Equipment (Both Investigations)
- Fresh orange juice (same brand and batch throughout)
- Standardised iodine solution, I₂ (0.00500 mol dm⁻³)
- Starch indicator solution (1%)
- Copper(II) sulfate solution, CuSO₄ (Investigation B)
- 50 cm³ burette
- 25 cm³ pipette
- Conical flasks
- Water baths at required temperatures (Investigation A)
- Thermometer (±0.5 °C)
- Stopwatch
Safety
⚠️ Iodine solution is an irritant — avoid skin contact and wear gloves. Copper(II) sulfate is harmful if ingested and toxic to aquatic organisms. Dispose of all solutions into the appropriate waste disposal bottles provided.
Calculations
1. Moles of I₂ used = concentration × volume (in dm³)
2. Since 1 mol ascorbic acid reacts with 1 mol I₂: moles of vitamin C = moles of I₂
3. Mass of vitamin C (mg) = moles × 176.12 g mol⁻¹ × 1000
4. Express as mg per 100 cm³ of juice for easy comparison with label values.
Results Tables
Investigation A — Temperature
| Temperature (°C) | Titre 1 (cm³) | Titre 2 (cm³) | Titre 3 (cm³) | Mean titre (cm³) | Vitamin C (mg/100 cm³) |
|---|---|---|---|---|---|
| 20 | |||||
| 40 | |||||
| 60 | |||||
| 80 | |||||
| 100 |
Investigation B — Metal Ion Concentration
| [CuSO₄] (mol dm⁻³) | Titre 1 (cm³) | Titre 2 (cm³) | Titre 3 (cm³) | Mean titre (cm³) | Vitamin C (mg/100 cm³) |
|---|---|---|---|---|---|
| 0 | |||||
| 0.001 | |||||
| 0.005 | |||||
| 0.010 | |||||
| 0.050 | |||||
| 0.100 |
Analysis
For each investigation, plot vitamin C concentration (mg/100 cm³) on the y-axis against the continuous IV on the x-axis. For Investigation A, describe any threshold temperature above which degradation accelerates. For Investigation B, determine whether the relationship between [Cu²⁺] and vitamin C loss is linear or curved — a curved relationship suggests enzyme-like saturation kinetics of the catalytic oxidation.
Discussion Points
- Why does vitamin C degrade more rapidly at higher temperatures? Consider both direct thermal oxidation and the role of dissolved oxygen.

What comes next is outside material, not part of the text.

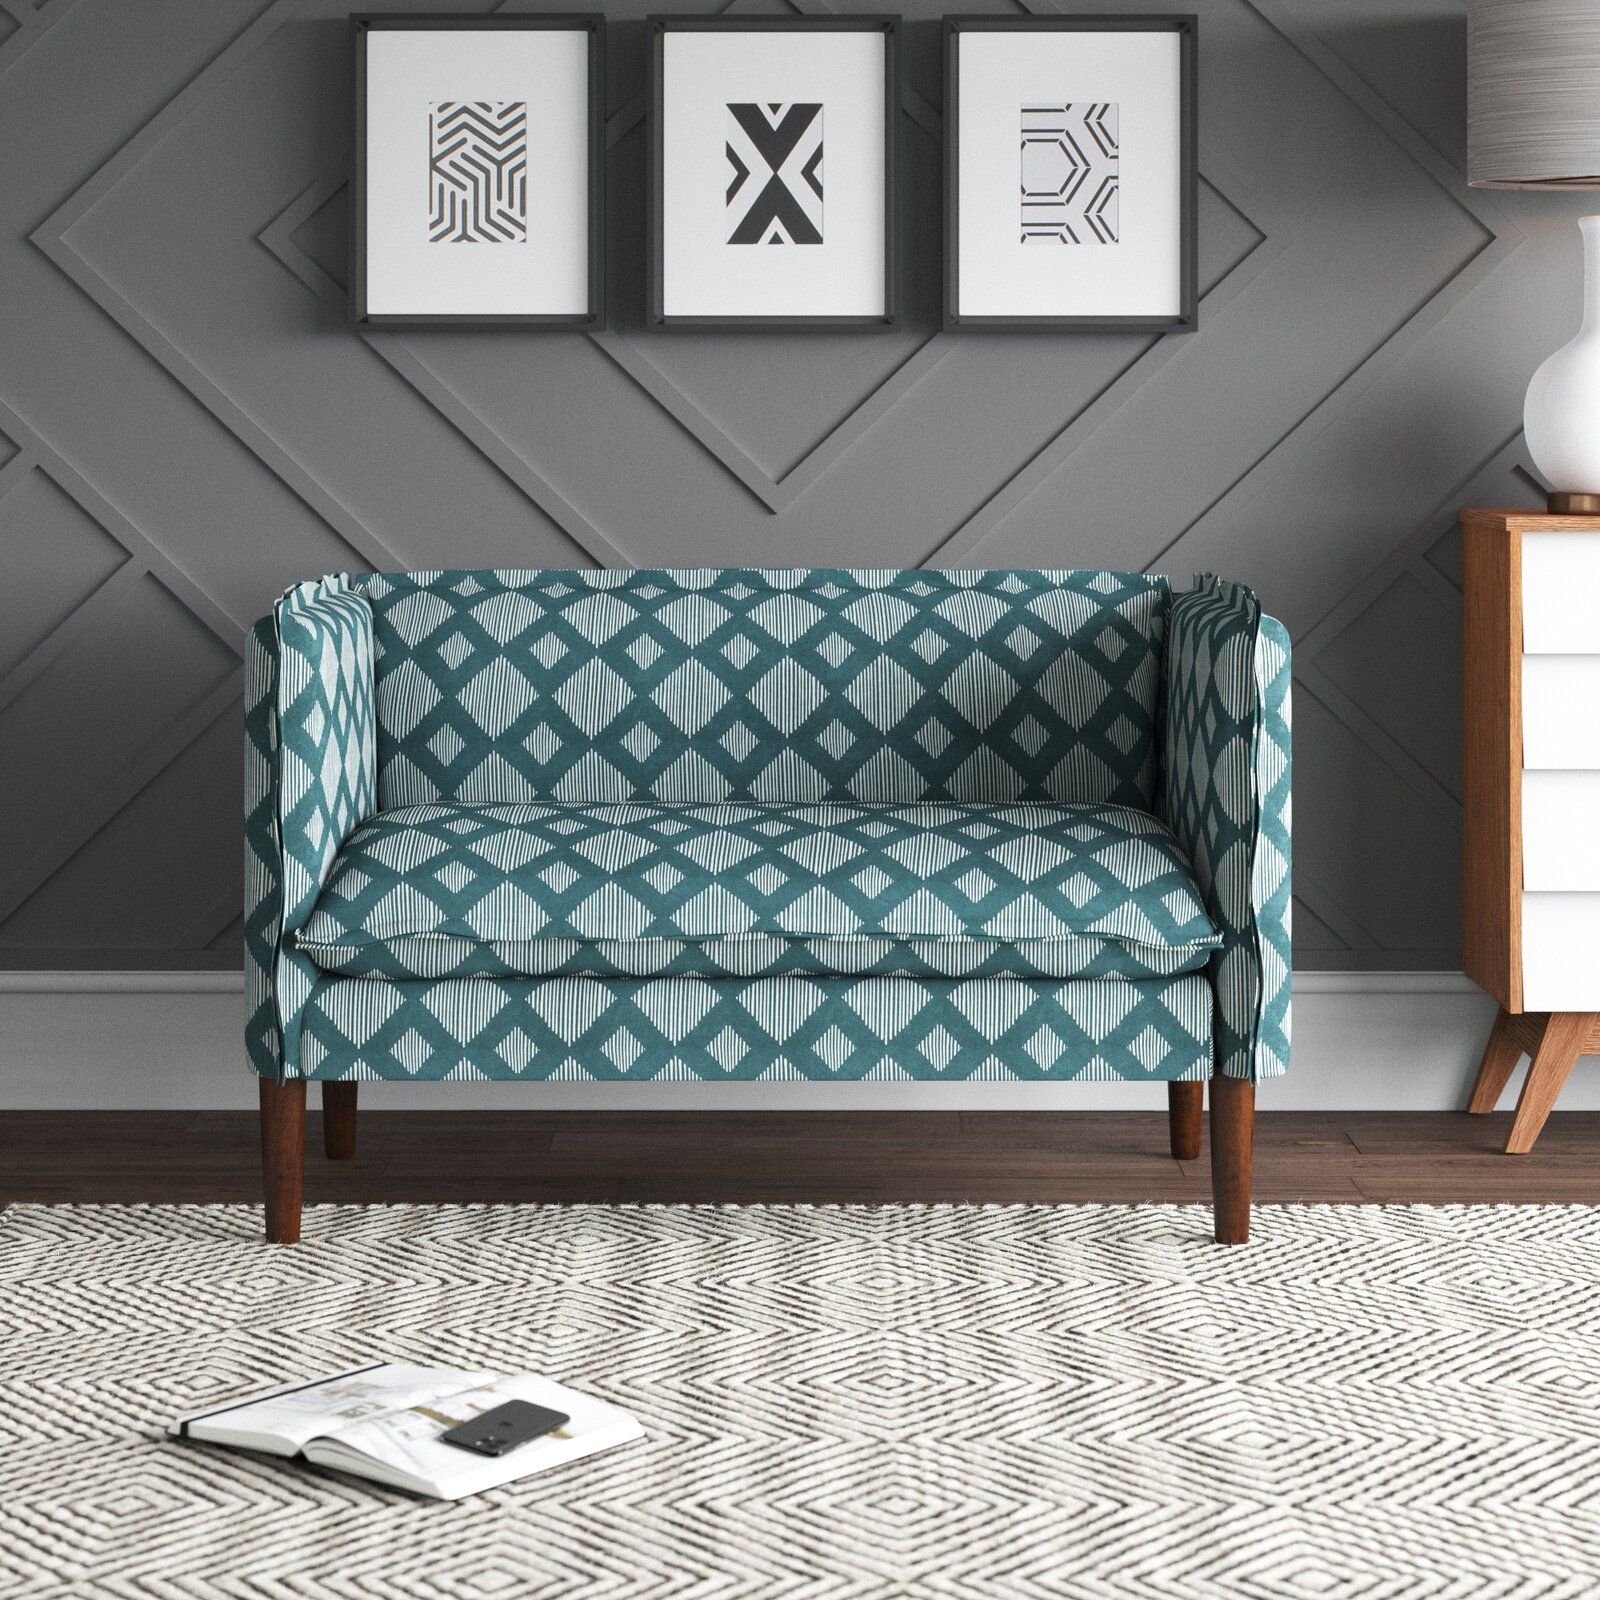 25 Best Sofa Trends In 2021 To Watch Out For – Décor Aid For Sofas In Pattern (View 10 of 20)

- Why do Cu²⁺ and Fe²⁺/Fe³⁺ ions catalyse the oxidation of ascorbic acid? What is their role in the redox cycle?
- Why does the titre decrease as vitamin C degrades — what does a smaller titre indicate?

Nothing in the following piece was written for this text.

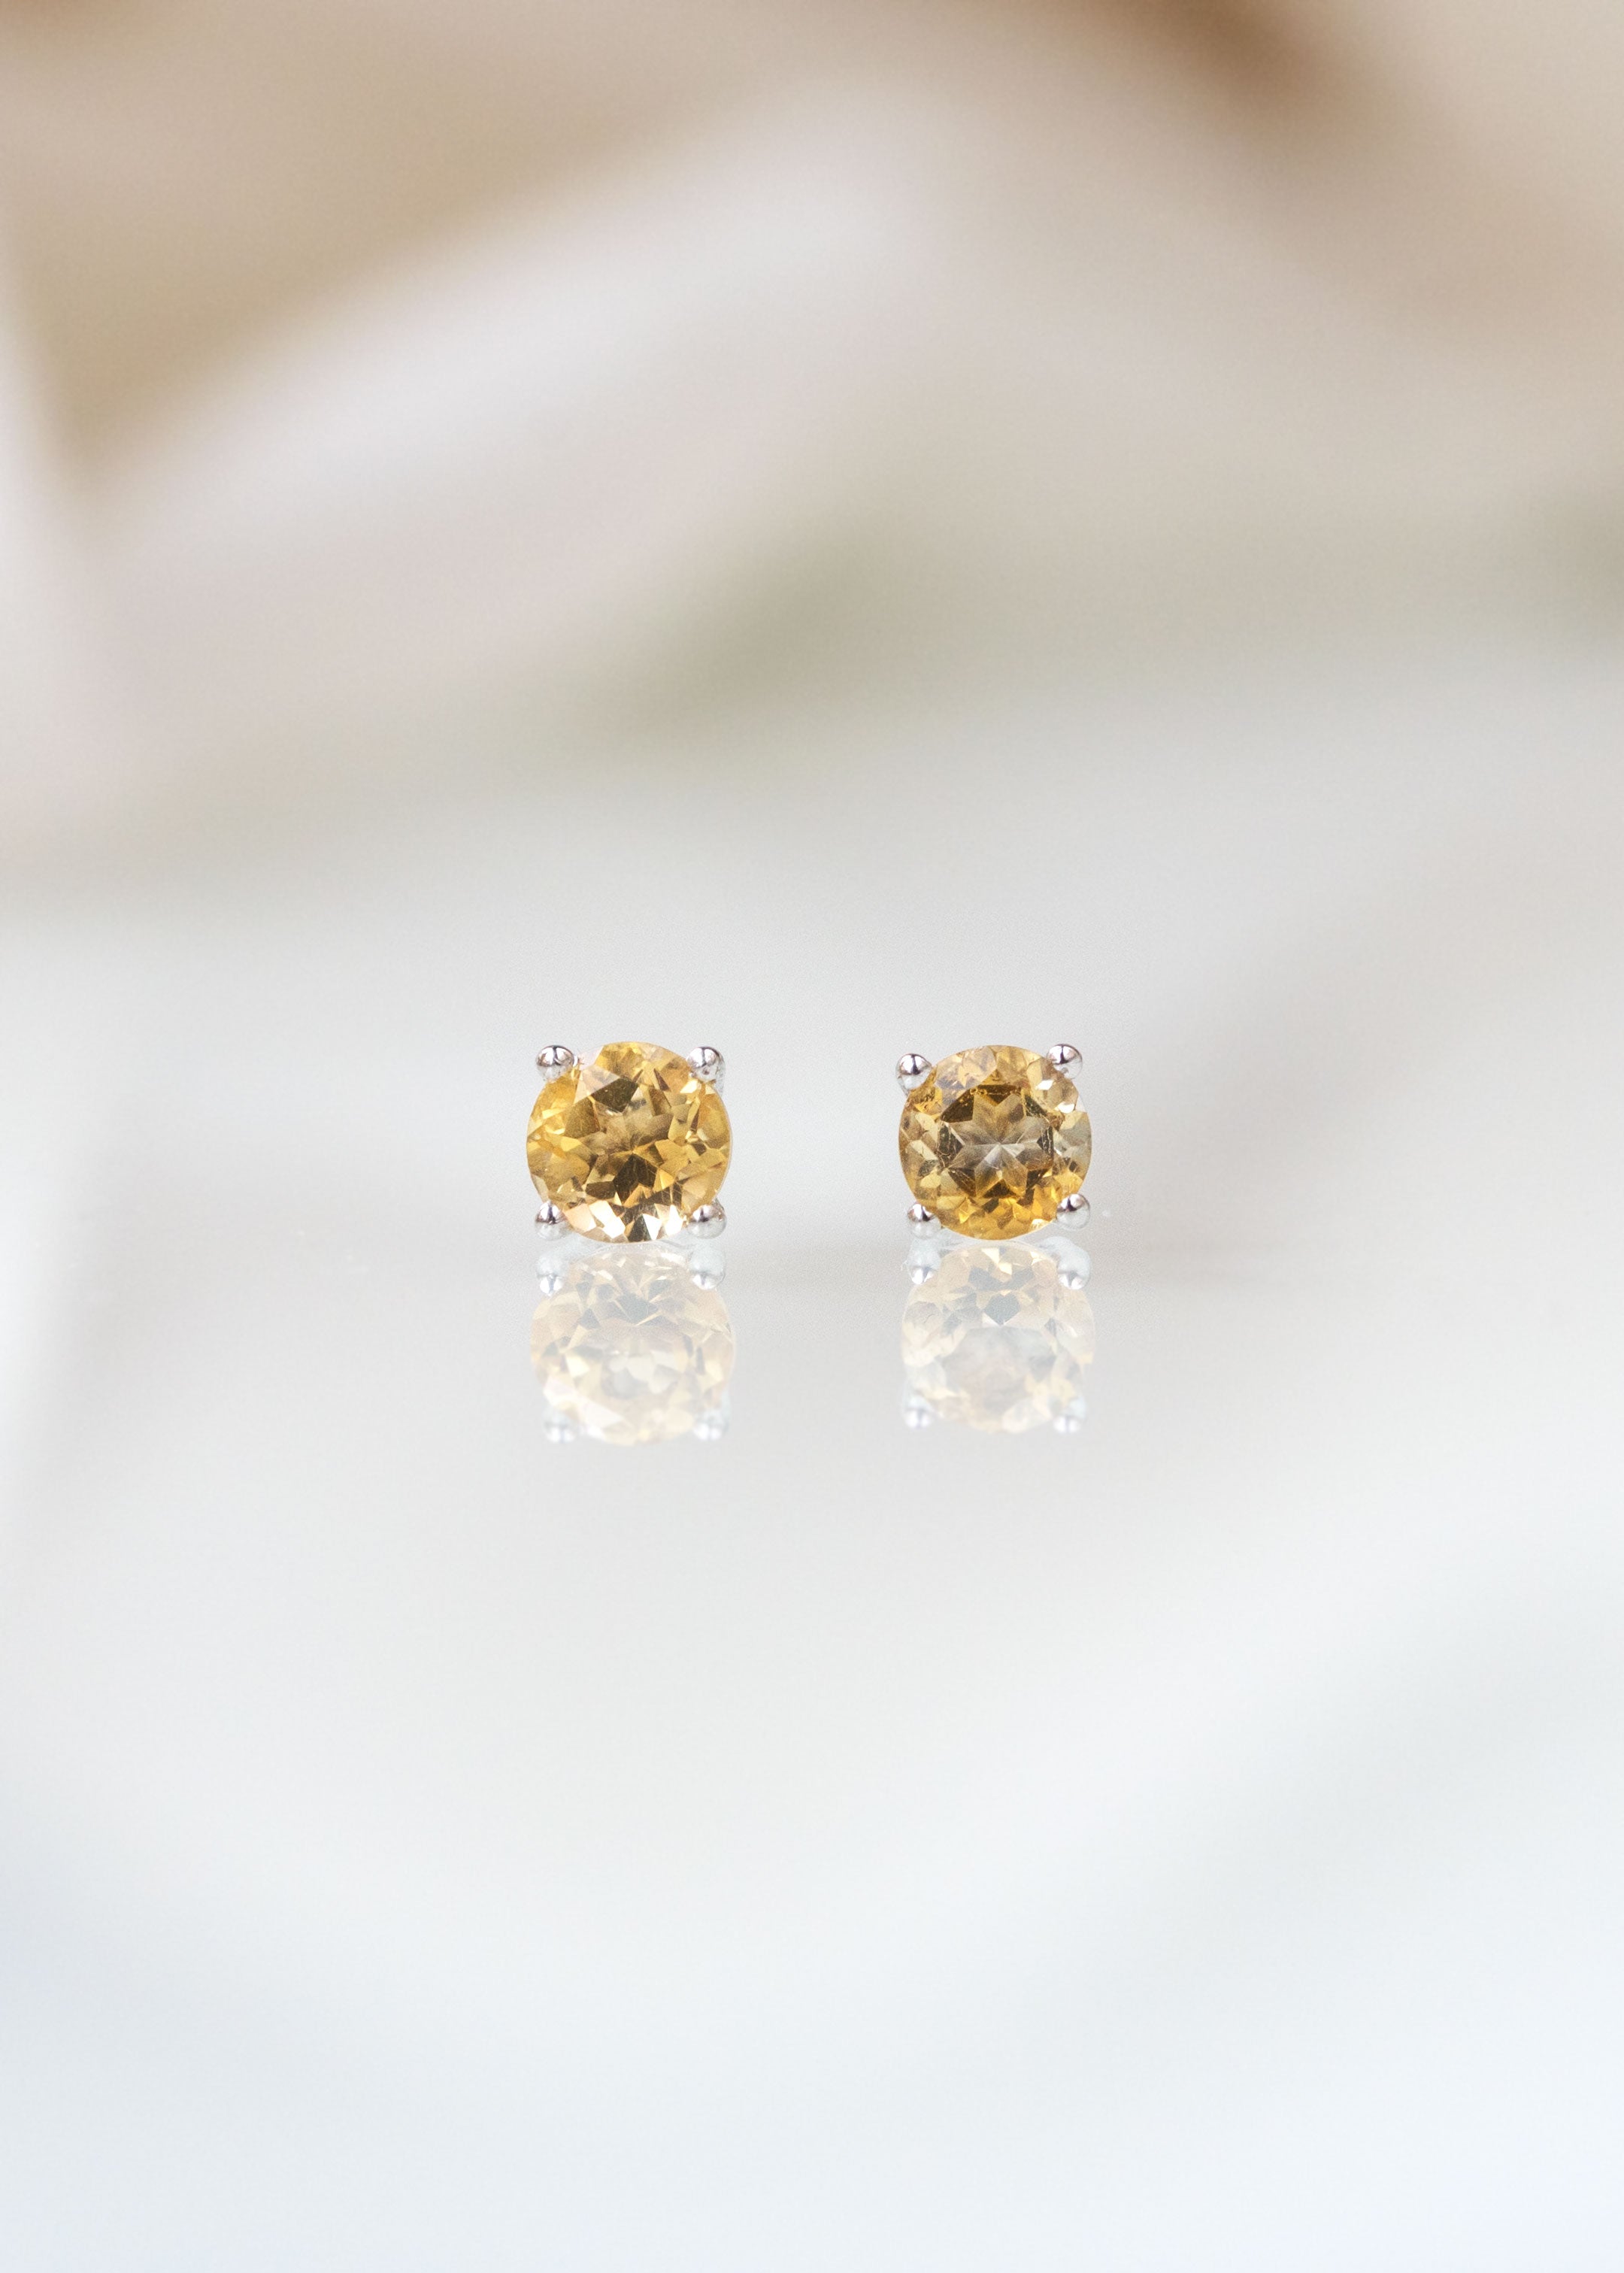 Citrine Tiny Studs Earrings second piercing cartilage dainty sterling silver

- How does your measured vitamin C compare to the value on the juice label? Suggest reasons for any discrepancy.
- Why is it important to titrate immediately after cooling, rather than leaving the juice to stand?
IA Guidance
Choose one of the two investigations above as your IA focus. Investigation B (metal ions) tends to produce a cleaner continuous dataset and a more novel research question. To score highly:
- Research Design: Justify your choice of concentration range or temperature range with reference to pilot data. Explain the chemistry of the titration endpoint precisely. For Investigation B, explain why a control (0 mol dm⁻³) is essential.
- Data Analysis: Plot with error bars. For Investigation B, consider plotting ln(vitamin C remaining) vs [Cu²⁺] to test for a linear relationship indicative of first-order kinetics.
- Conclusion: Compare your vitamin C values to the juice label and to published degradation studies. State a clear conclusion linking IV to DV with reference to redox chemistry.
- Evaluation: Discuss sources of error such as oxidation during preparation, variability between juice batches, and the assumption that starch endpoint is consistent across all samples.